▶ WORK ORDER:
Return, exactly as written, the lines of the material from its top through the line with "hot hd wallpapers", keeping pictures out.

▶ MATERIAL PROVIDED:
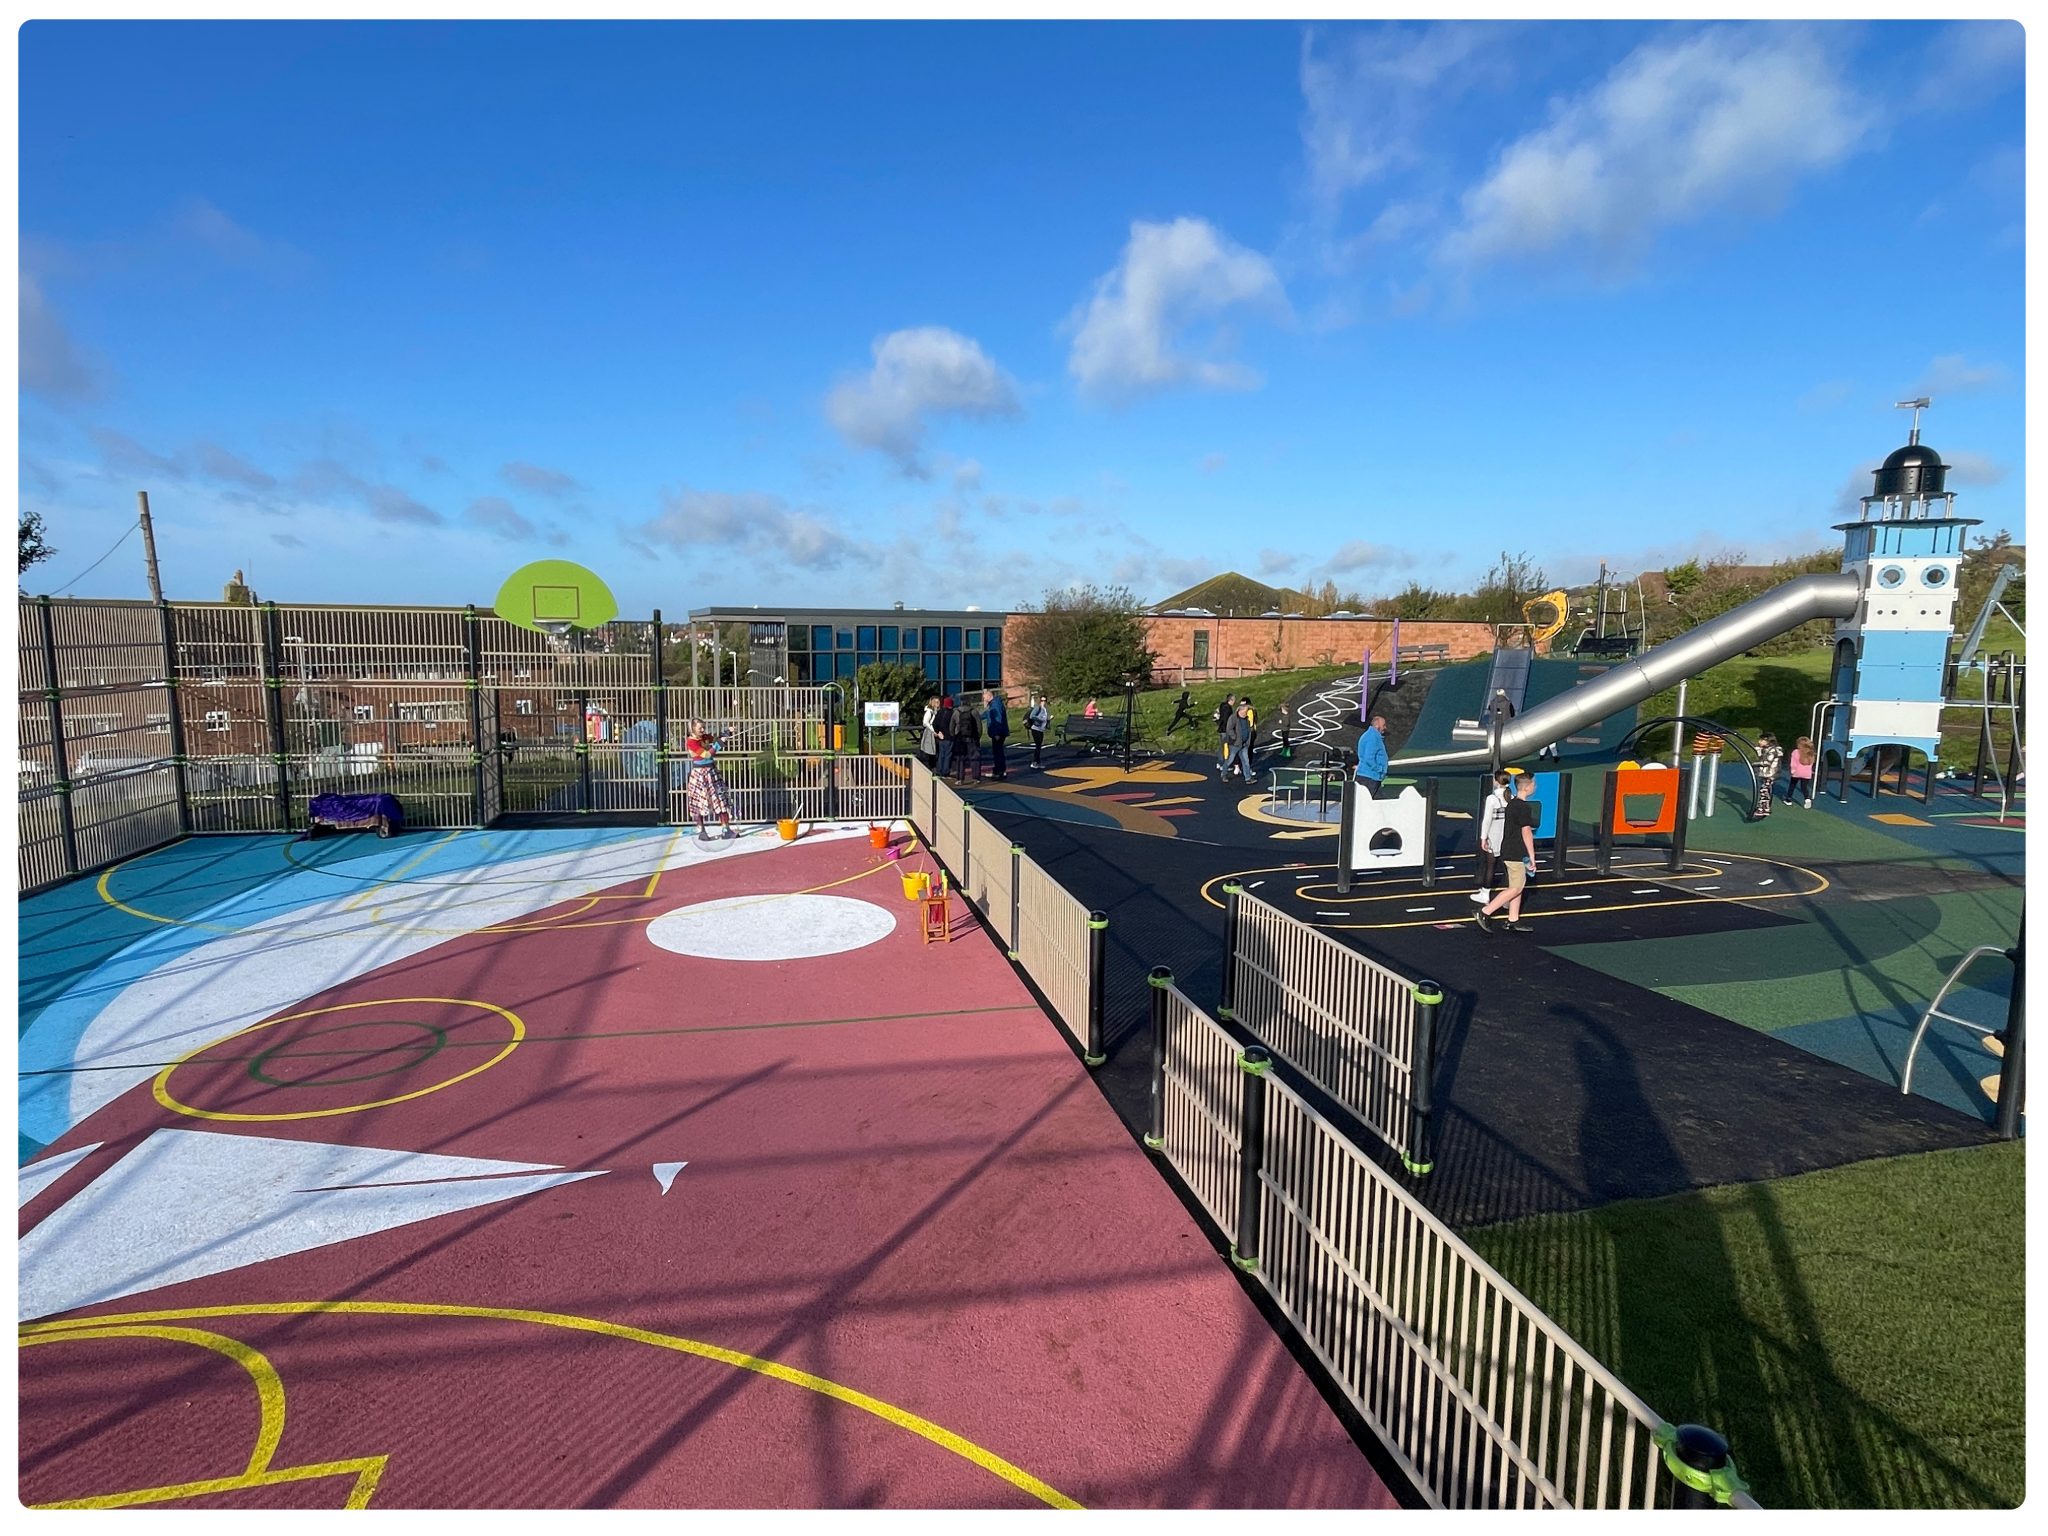 Brighton & Hove City Council unveils stunning substantial playground equipment refurbishment celebrating Sea, City and South Downs
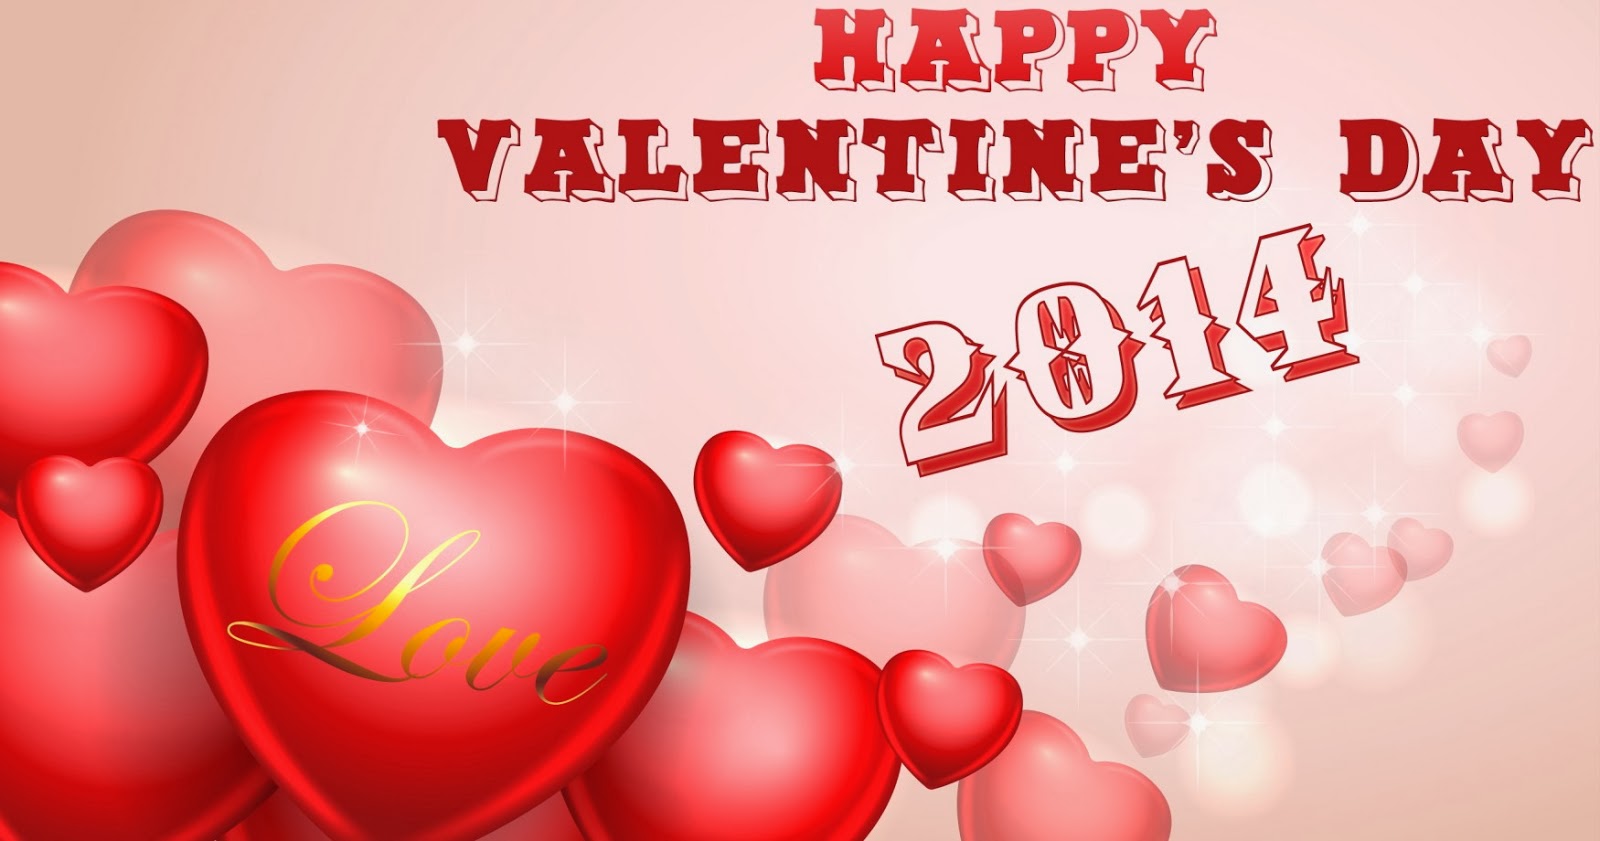 valentine's day hot images | hot hd wallpapers
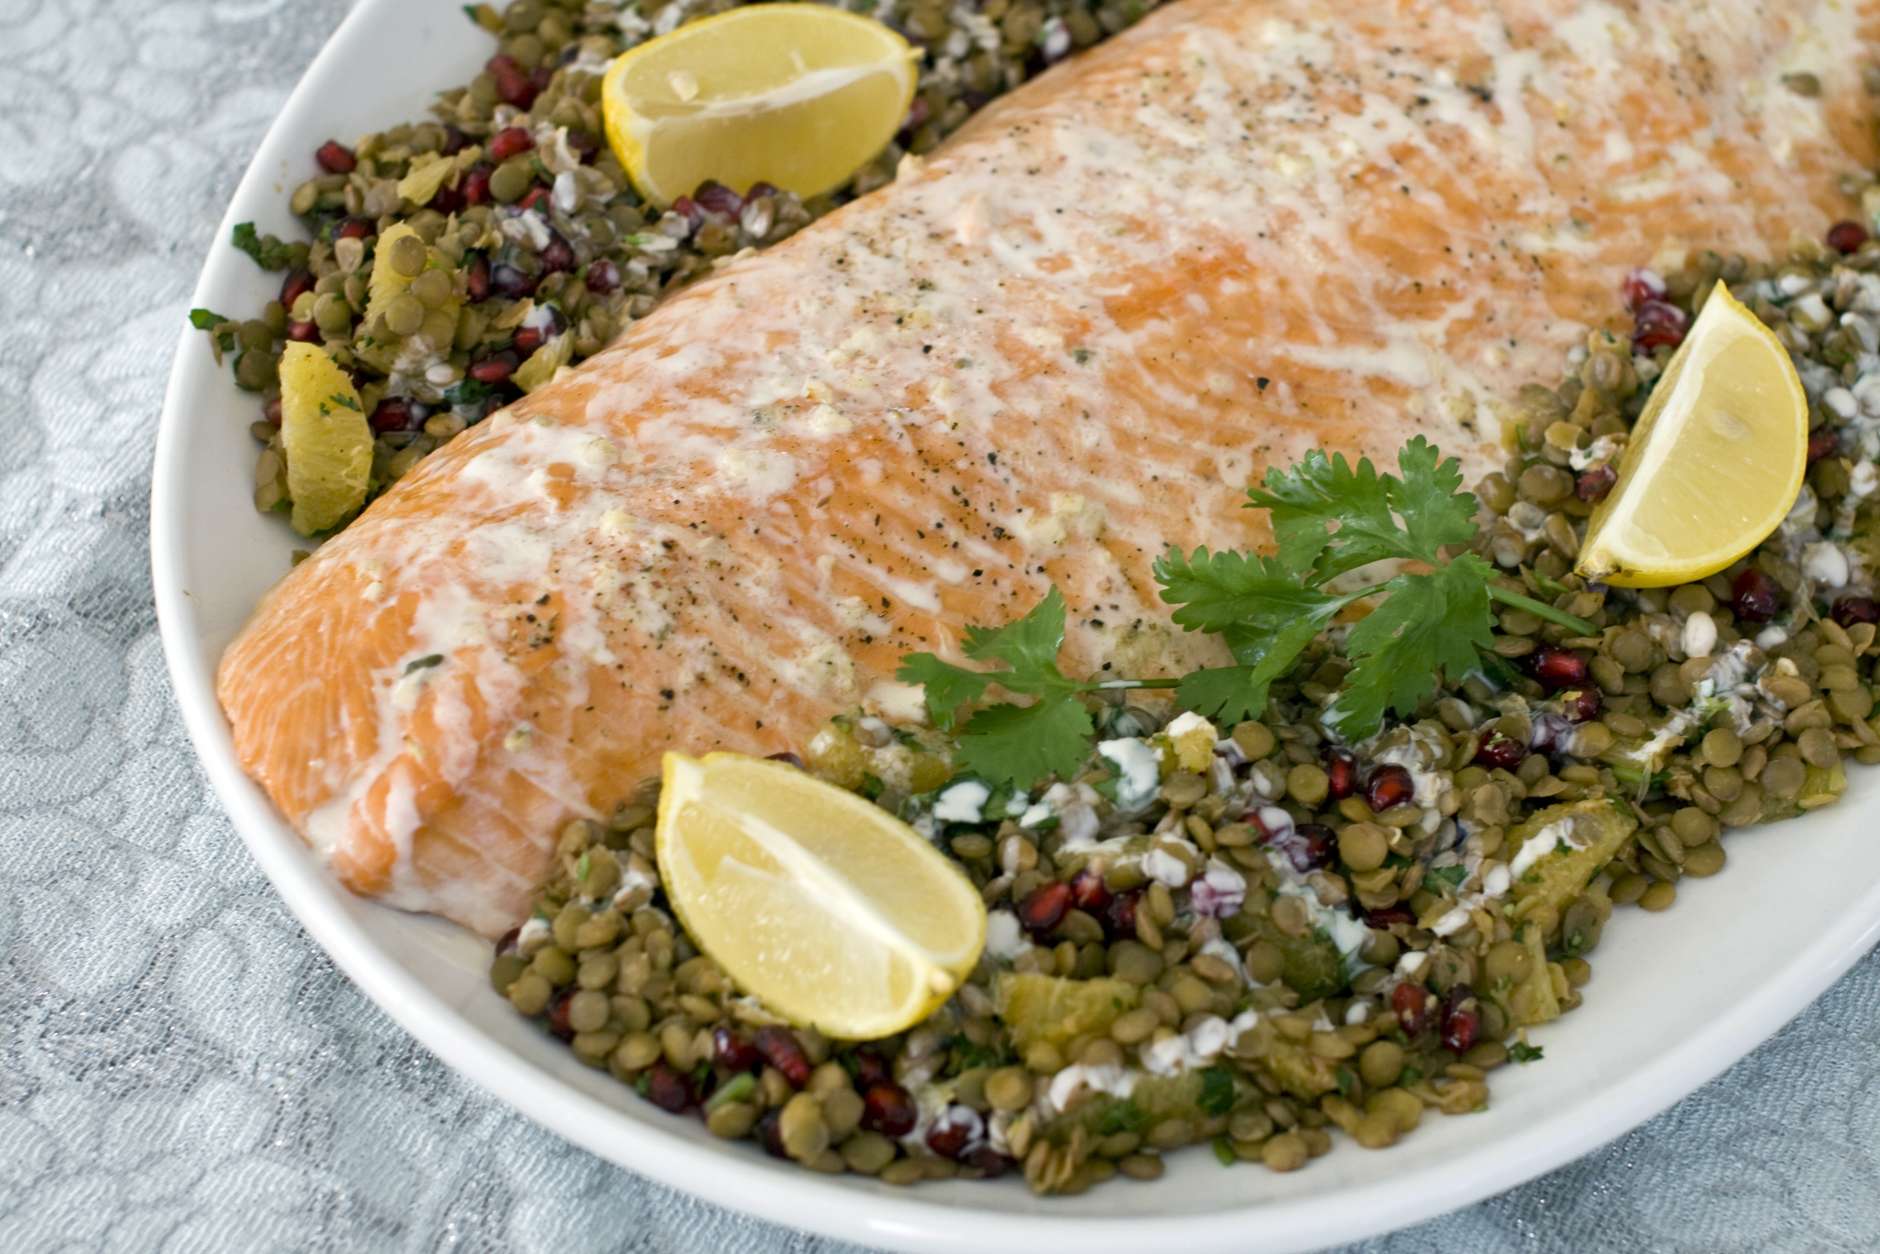 This Nov. 21, 2011 photo shows roasted salmon with warm lentil salad in Concord, N.H.   Feeding a crowd this New Years Eve? Consider offering something that is richly savory, but wont weigh down the party.    (AP Photo/Matthew Mead)

▶ RESPONSE AREA:
 Brighton & Hove City Council unveils stunning substantial playground equipment refurbishment celebrating Sea, City and South Downs
 valentine's day hot images | hot hd wallpapers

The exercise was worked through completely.